Julien Le Guet était notamment jugé pour « menace de destruction, vol d’une pelle et des inscriptions sur un panneau » et reconnu coupable mercredi en appel, indique ICI Poitou. Il devra porter un bracelet électronique.


Publié le 06/05/2026 17:14

Temps de lecture : 1min

Julien Le Guet, porte-parole du collectif « Bassines Non Merci », à Sainte-Soline (Deux-Sèvres), le 25 mars 2023. (PASCAL LACHENAUD / AFP)

Le porte-parole du collectif « Bassines Non Merci », Julien Le Guet, a été condamné mercredi 6 mai en appel à six mois de détention à domicile pour des faits commis à Sainte-Soline (Deux-Sèvres) en 2022, rapporte ICI Poitou.
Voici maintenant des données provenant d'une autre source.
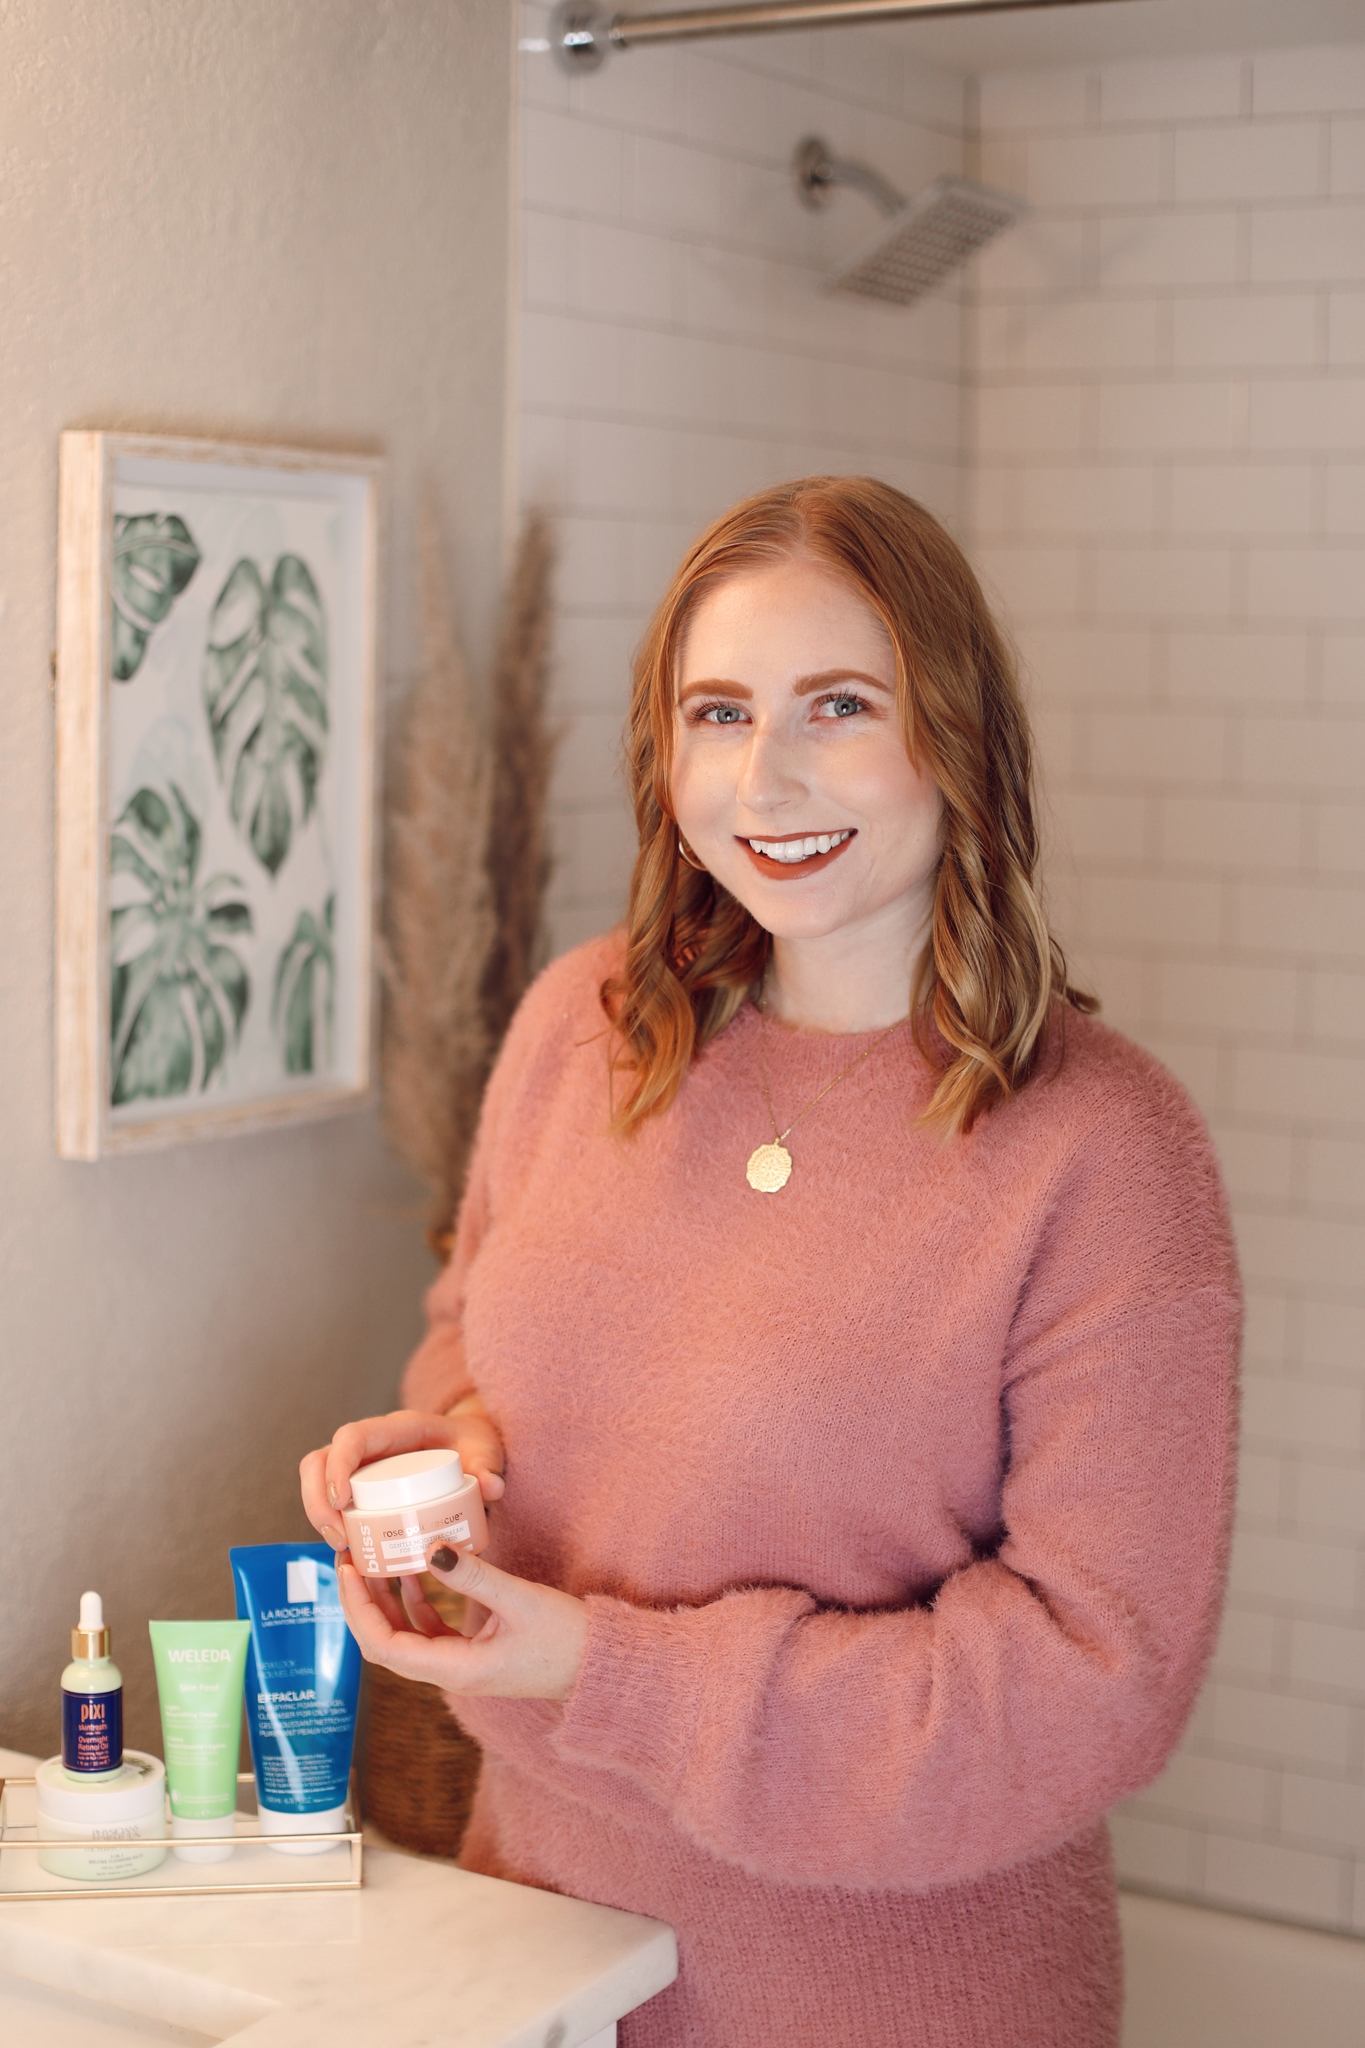 Best Drugstore Skincare 2020 | Bliss Rose Gold Rescue Gentle Moisture Cream For Sensitive Skin | Affordable by Amanda

Julien Le Guet était notamment jugé pour « participation à un groupement, menace de destruction, vol d’une pelle et des inscriptions sur un panneau », en octobre 2022. Il a donc été reconnu coupable mercredi par la cour d’appel de Poitiers (Vienne). Il est condamné à six mois de détention à domicile, avec exécution provisoire et devra donc porter un bracelet électronique. Le militant doit également 1 500 euros de frais de procédure à la structure visée par le tag.

Julien Le Guet est aussi interdit de paraître à Sainte-Soline et Mauzé-sur-le-Mignon (Deux-Sèvres) pendant trois ans. « C’est la peine la plus lourde jamais prononcée à mon encontre, je suis très choqué », a réagi le militant. En revanche, il a été relaxé pour d’autres dégradations commises en octobre 2022, à Sainte-Soline.
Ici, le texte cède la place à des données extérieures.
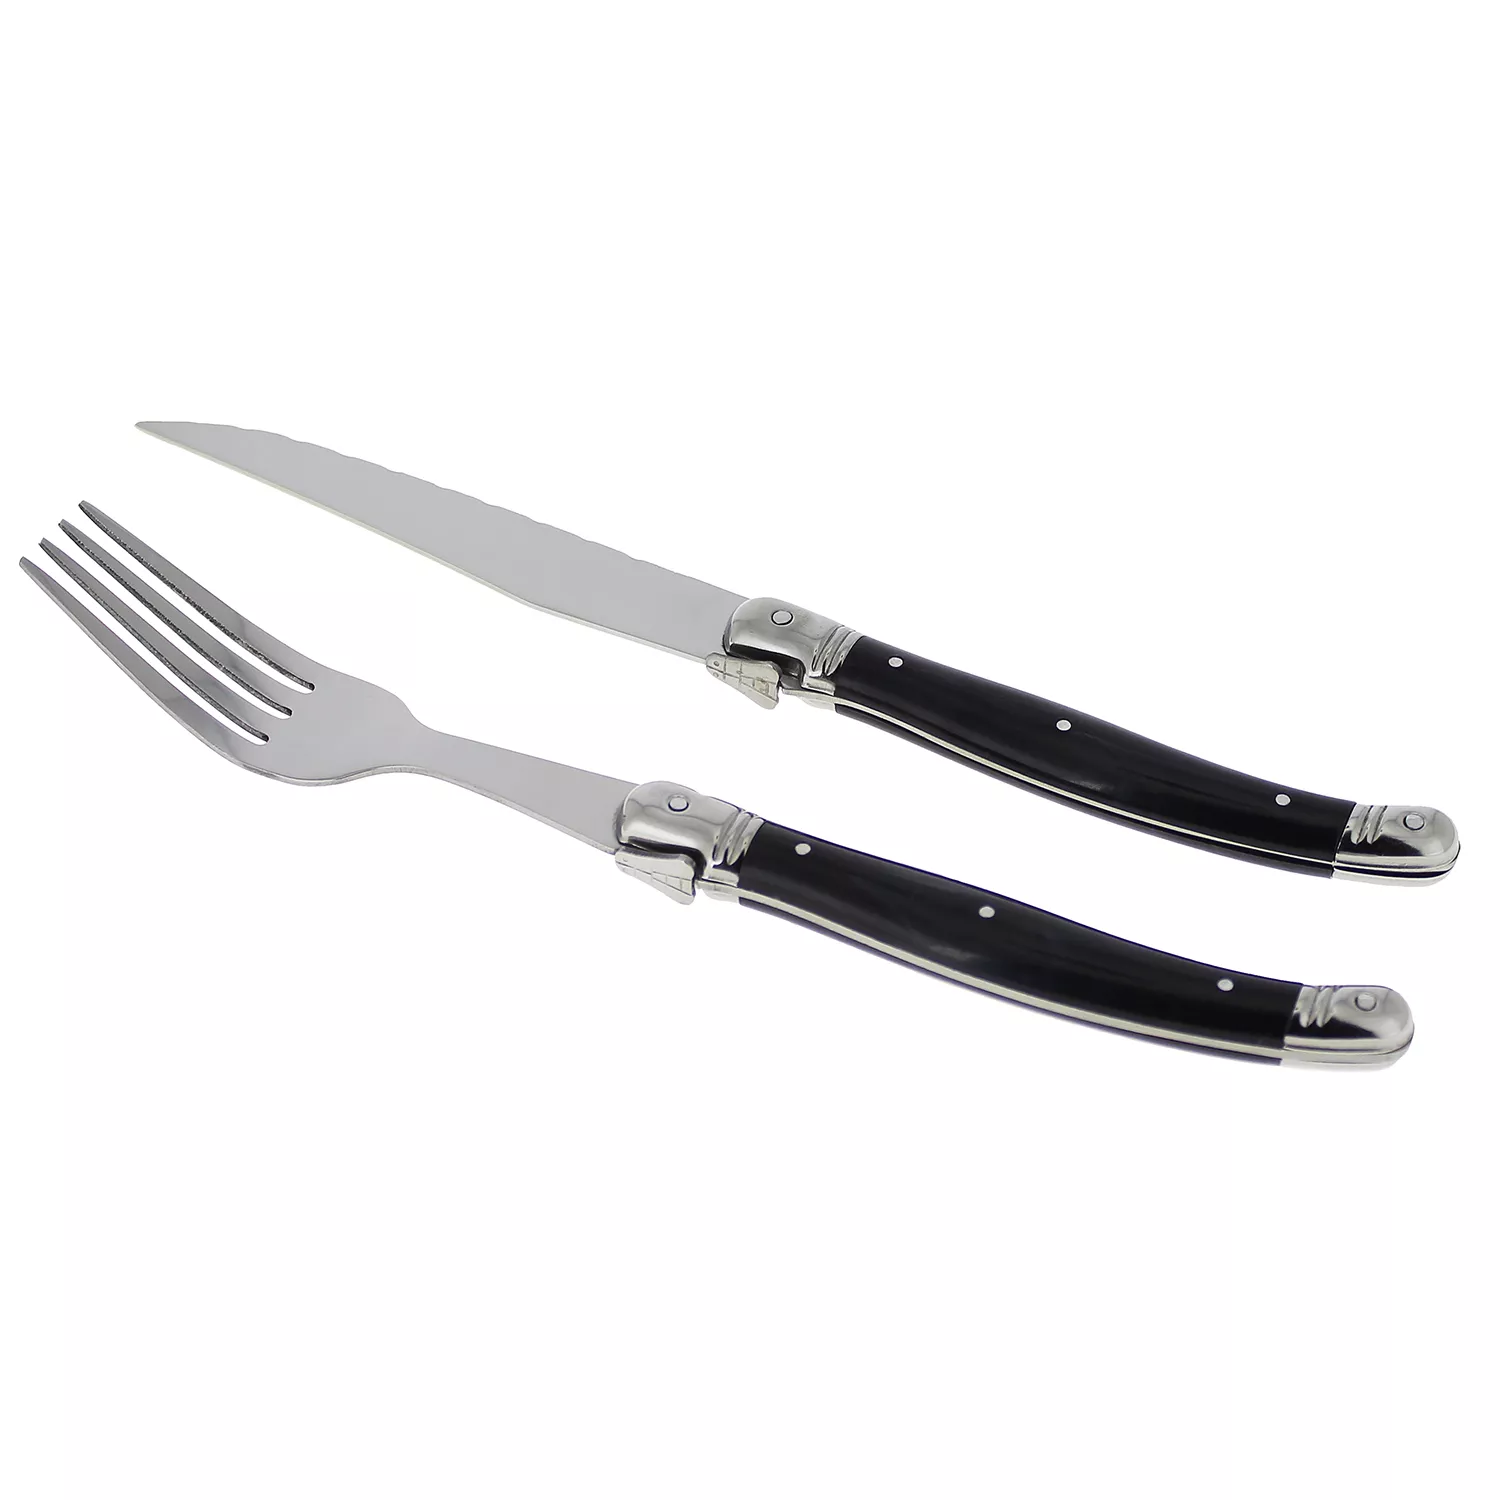 Damascus Cutlery】Damascus Steel 8pcs 5 Steak Knife and Fork Set

Pour autant, le militant n’en a pas fini avec la justice. Il est notamment convoqué à Poitiers, le 29 juin prochain, pour des faits de diffamation dans un tag visant un colonel de gendarmerie. Julien Le Guet avait notamment été condamné en appel début février à trois mois de prison avec sursis pour l’organisation de manifestations illégales. Le porte-parole a ensuite été rejugé début mars devant la cour d’appel de Poitiers, cette fois pour des tags et des dégradations à Sainte-Soline entre 2022 et 2023. La décision avait été mise en délibéré à ce mercredi 6 mai.

Fin 2022, un premier rassemblement avait eu lieu à Sainte-Soline pour protester contre la construction de méga-bassines. En mars 2023, une nouvelle manifestation avait eu lieu dans le département. Les deux rassemblements – qui ont rassemblé des milliers de personnes – ont fait plusieurs blessés du côté des forces de l’ordre et des militants.